In the 1950’s the Ladies’ Choir was formed under Mr. Watts, starting from the Women’s Institute. Mr. Watts left and another choir was formed out of the first, and that became Timsbury Ladies Choir which is still running today and performing over a wide area.
In 1951, I took over as conductor of the male voice choir from my father. He wasn’t well, so he asked me to take on the job. I was living at Bishopsworth at the time, and running a choir there. I’d had a male voice choir in the army during the War. But when I came to Timsbury I was fully aware that I was taking on a very old established organisation and I had to keep my end up, of course. My first engagement was a Harvest Anniversary at the Tabor Chapel, and afterwards my father was most thrilled when I told him we’d had a very good afternoon. The next day he died, so that was the last he heard of them. Then I carried on, having awful journeys to make from Bristol in the winter – remember winter 1963? 1 got froze up once, the other side of Marksbury. I had to be towed all the way home that night!

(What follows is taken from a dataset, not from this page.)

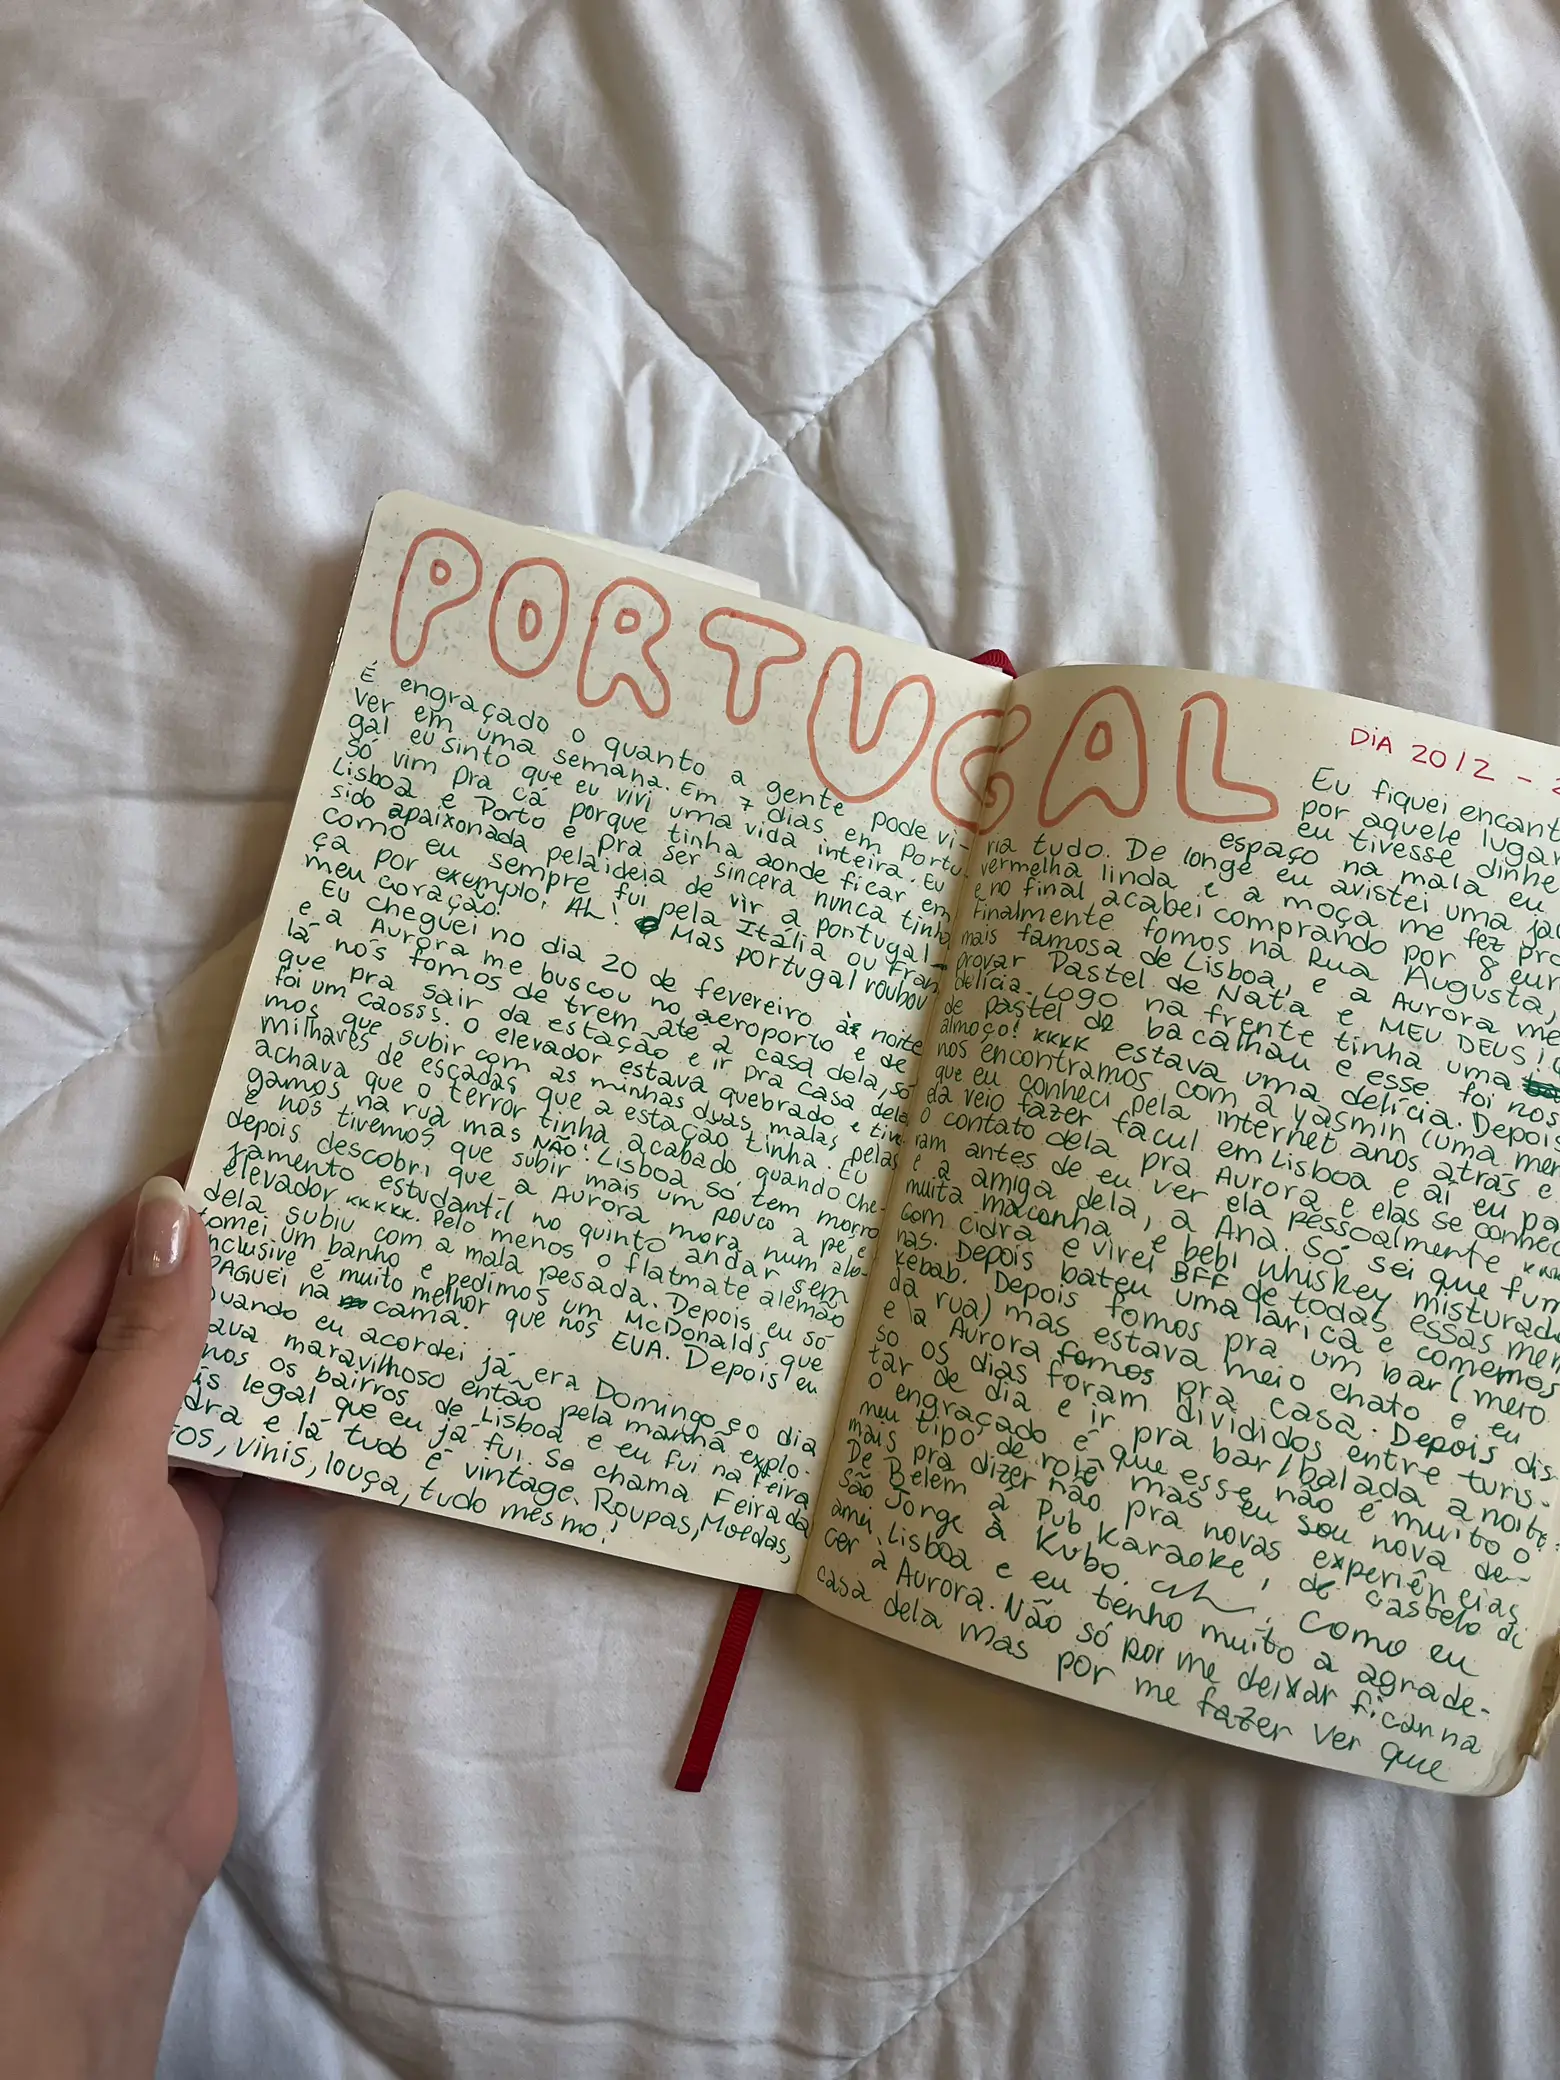 30 fun travel journal layouts 💜 Plan an organized and memorable trip

We went to competitions in Bristol, at the university. We were very good, we were praised right up to the hilt by the adjudicator and I said “We’ve got this alright, no doubt about it,” and then be gave it to a Welshman. There was one mark between us and I said “I’m going to blow the bridge up.” The last time we went to competition was the Mid-Somerset Festival at Bath, and we came top. But I didn’t encourage competition much afterwards because 1 found it interfered with our activities around. All the time you spent on competition work, you were missing out somewhere else. Music got too expensive to get 30 or 40 copies for a choir to sing from and then to put on the shelf and never use again. It was tip-top quality stuff, but not really what people want to bear at concerts.
We specialised in real male-voice 4-part song singing. We didn’t do barbershop, or modern compositions. We tried ”Yellow bird”, off beat stuff, but we couldn’t do it. Notewise it isn’t difficult, but it’s syncopated. Timsbury choir have gone quite a lot into spirituals and made a good job of it.
We had fathers and sons in the choir. Three generations of Frickers were in the choir: Sam, George, and George’s three sons. One of these, Bert, is still in the choir today. There were also Jack Greenland and his son Leonard, who was tenor solo, as well as Bill and Claude Hassel.
It is very interesting that in the 66 years of the Male Voice Choir, it has had only three conductors. Of these, Mr. Janes and his son covered over 60 years.